**SUPPLIED INFORMATION**
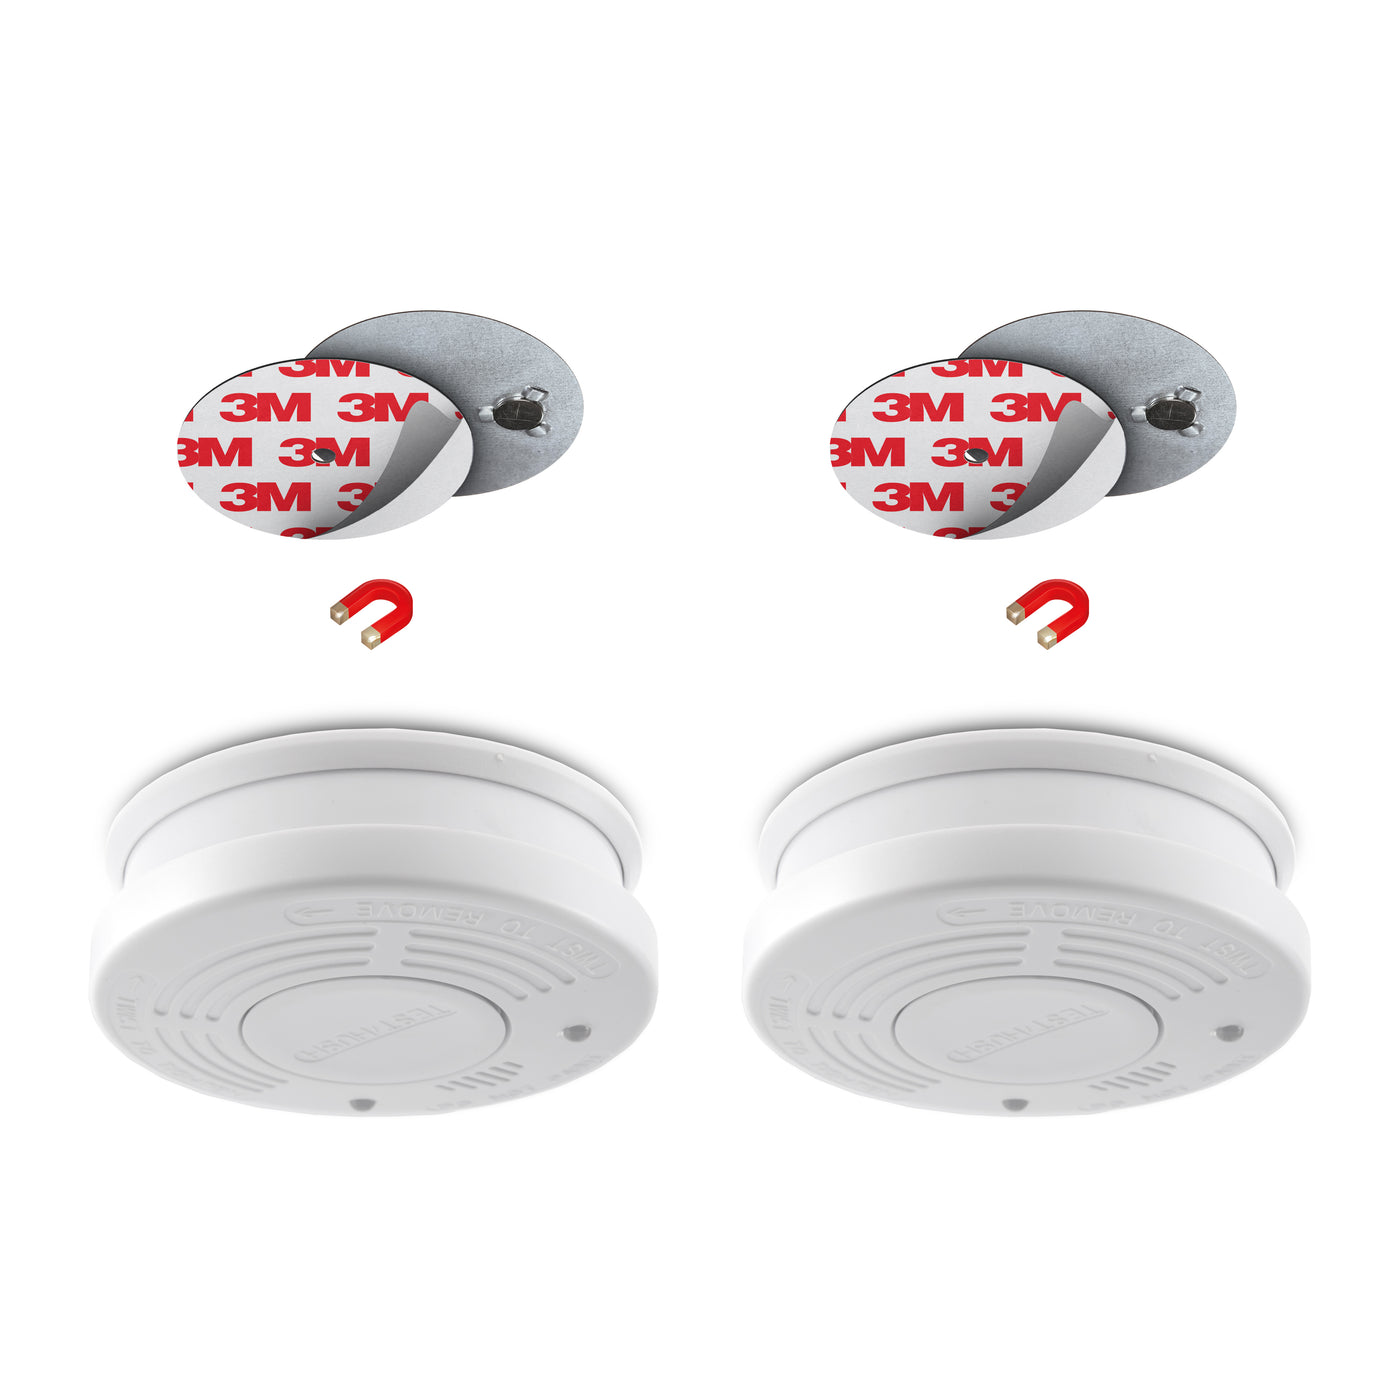 Alecto BPB20 - Fire safety kit with 2 smoke detectors and 2 magnetic mounting plates
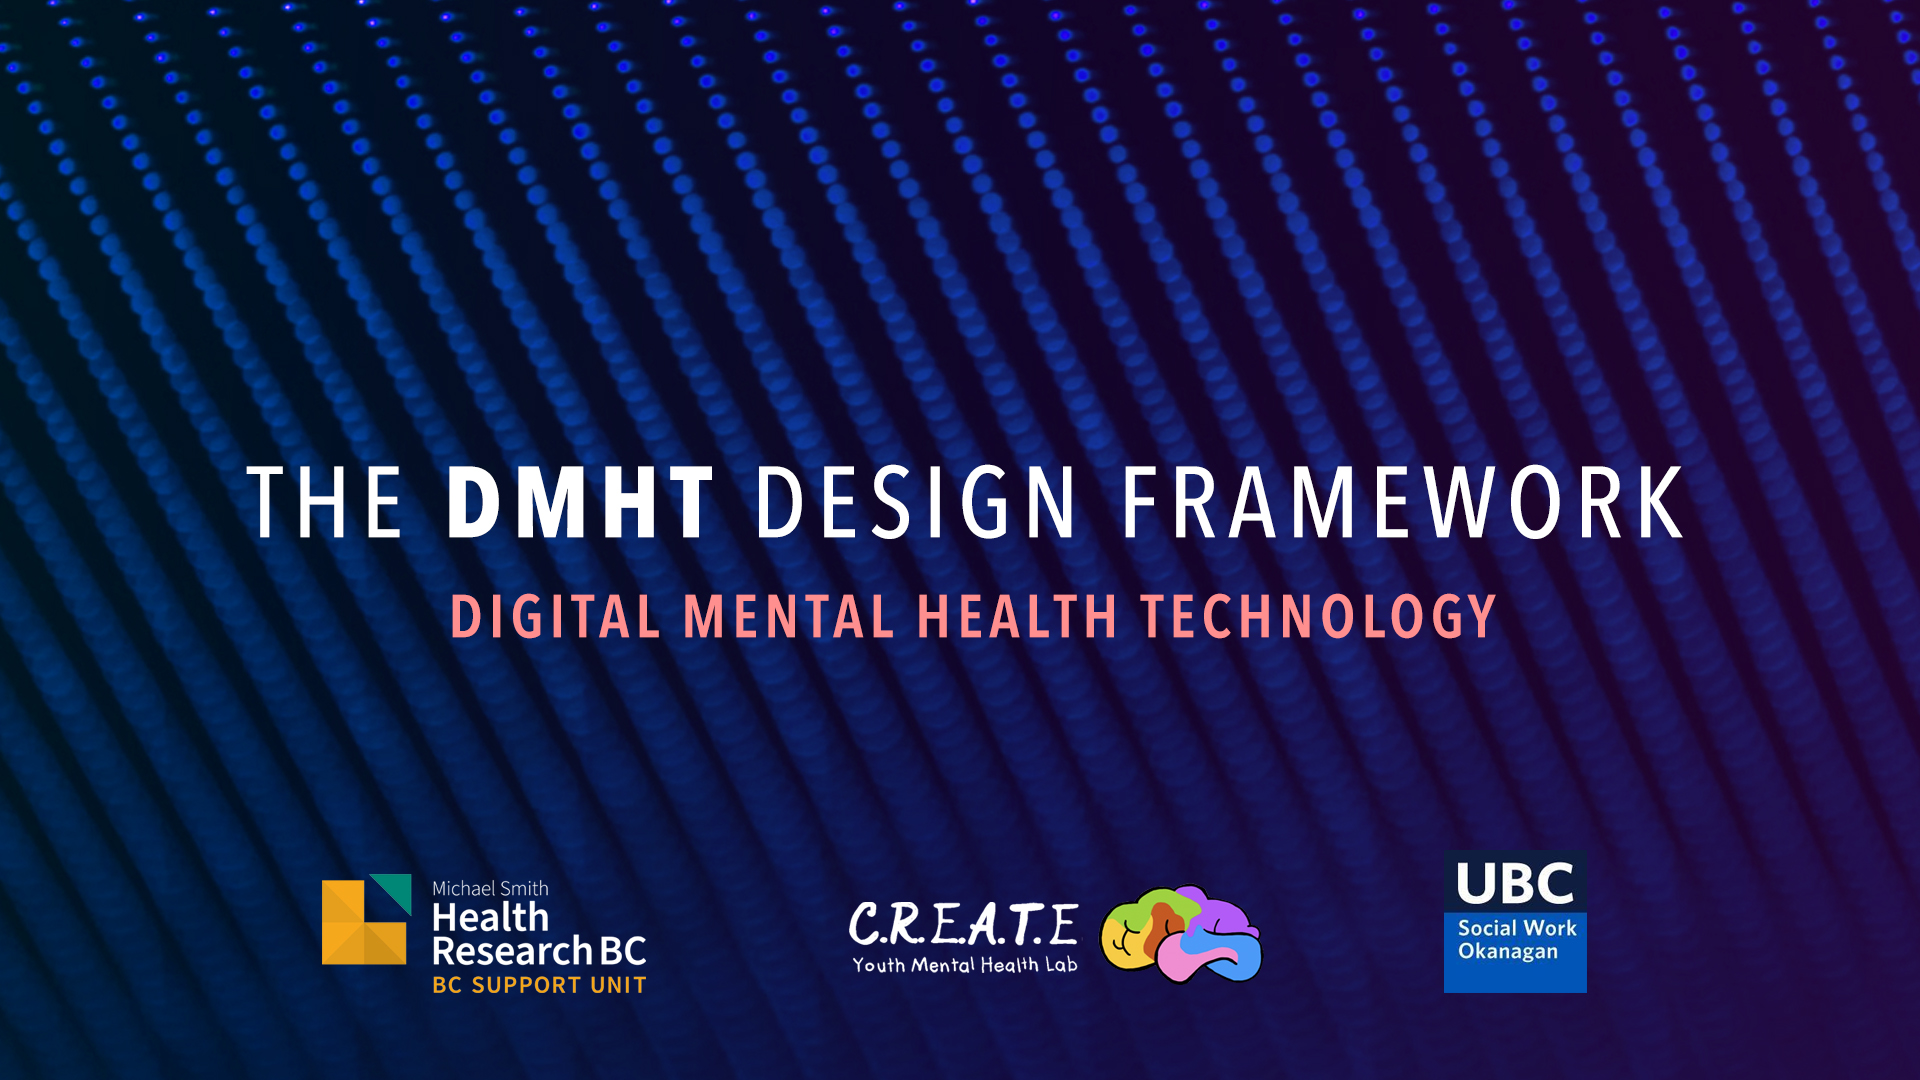 Developing a Framework to Help Design Digital Mental Health Technology for Youth: Youth Engagement Matters
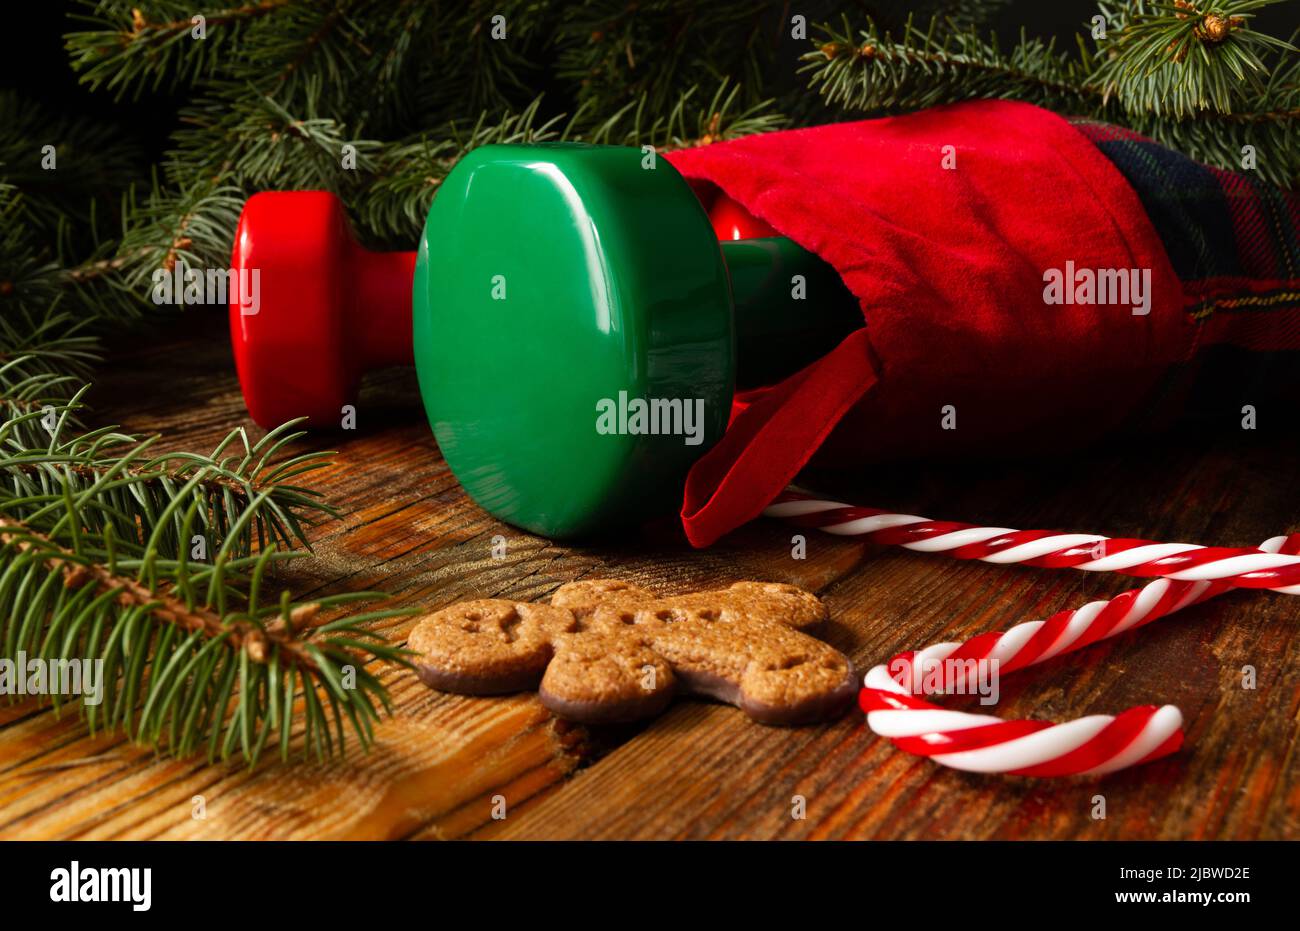 Dumbbells in stocking. Exercise equipment as Christmas gift idea. Gym fitness holiday composition, with gingerbread man cookie, candy cane, tree. Stock Photo
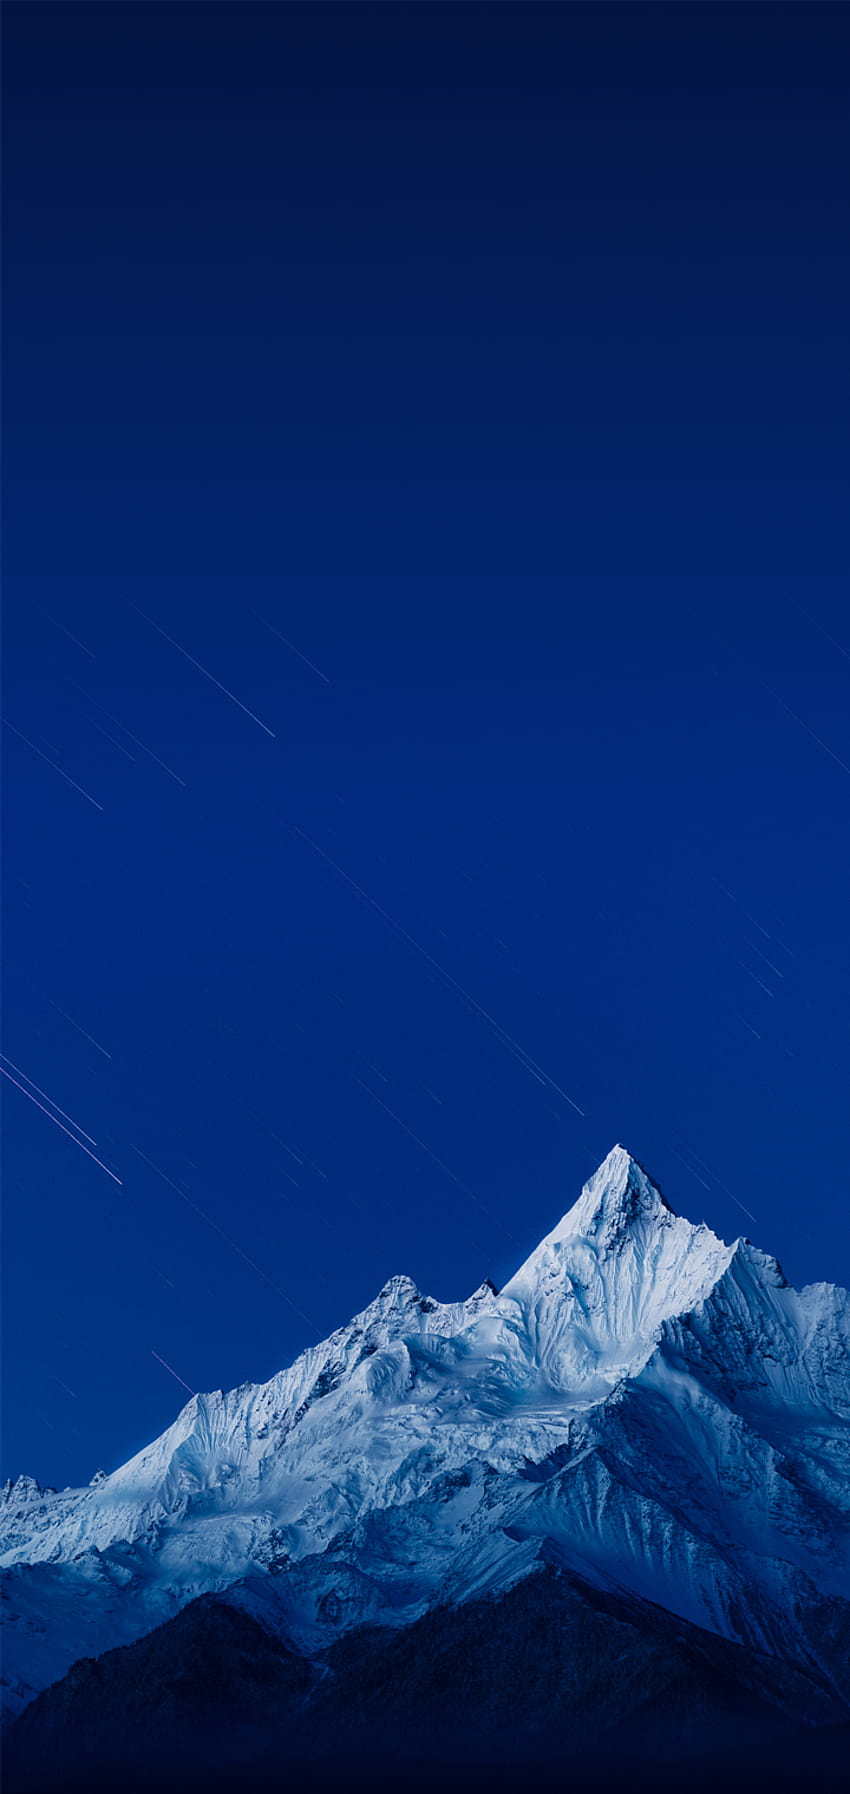 Oppo A3 Stock, phone mountain blue HD phone wallpaper

**TASK TO CARRY OUT**
The whole listing should be restated word for word, with no pictures.

**SOLUTION FOR THIS TASK**
 Alecto BPB20 - Fire safety kit with 2 smoke detectors and 2 magnetic mounting plates
 Developing a Framework to Help Design Digital Mental Health Technology for Youth: Youth Engagement Matters
 Dumbbells in stocking. Exercise equipment as Christmas gift idea. Gym fitness holiday composition, with gingerbread man cookie, candy cane, tree. Stock Photo
 Oppo A3 Stock, phone mountain blue HD phone wallpaper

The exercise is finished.